For a limited time, the city provided the desperate defenders with protection and a backstop until its populace and refugees from the surrounding areas could be brought to safety.
Danzig had to die so that the hundreds of thousands in the Vistula lowlands could survive.
The horrible fate of a German city!
Two Panthers provide all-round security in an assembly or holding area. Both are well camouflaged to diminish the possibility of detection from the air, and the Panther on the left has one of its machine guns mounted for engaging aircraft. The fact that one of the vehicles has a tow cable already mounted indicates that it might have already towed the other vehicle into position since one of the crew members appears to be performing some kind of repair or maintenance.

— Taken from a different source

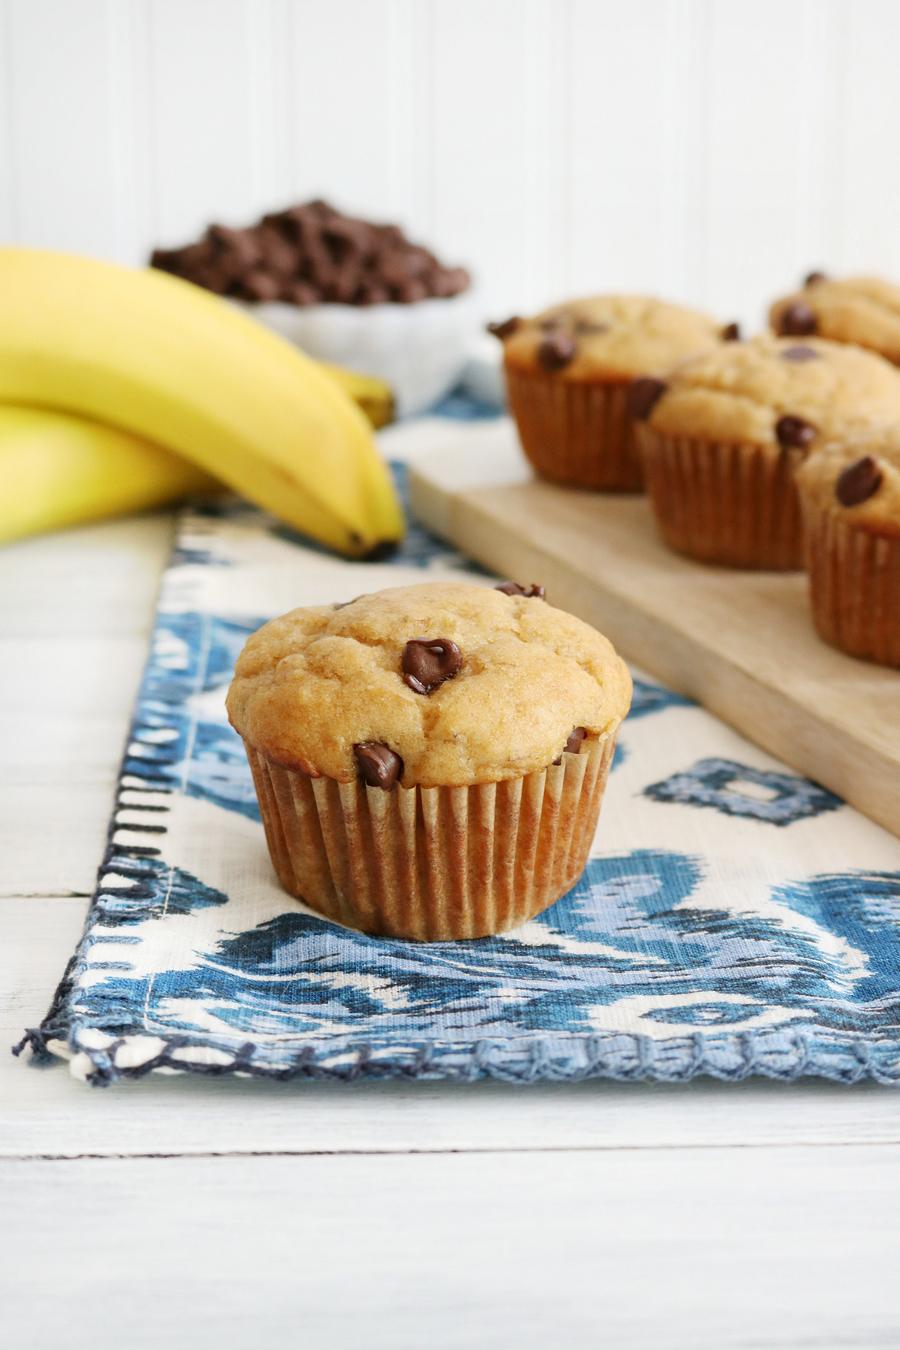 Peanut Butter Banana Yogurt Muffins

Sd.Kfz. 250 half-tracks, probably from a reconnaissance unit, staged for a move or operation.
Crew members of late-model Panzer IV Ausf. H’s prepare for an operation as infantry (possibly mountain troops) file past in the wintry terrain.
Infantry—some in snow suits—move along a roadside ditch past late-model Panzer IV Ausf. H’s. The trail vehicle features a full complement of sideskirts although these were usually quickly lost in the field as a result of maneuvering or battle damage.
Footnotes
1 Translator’s Note. Generalleutnant Clemens Betzel, the next-to-last commander of the division. He was killed in action on 27 March 1945. An artillery officer, he commanded the divisional artillery before assuming command in May 1944. His highest award was the Oak Leaves to the Knight’s Cross.
2 Translator’s Note. The Petri School, or Petrischule, was one of the oldest schools in Danzig, essentially a college-preparatory academy.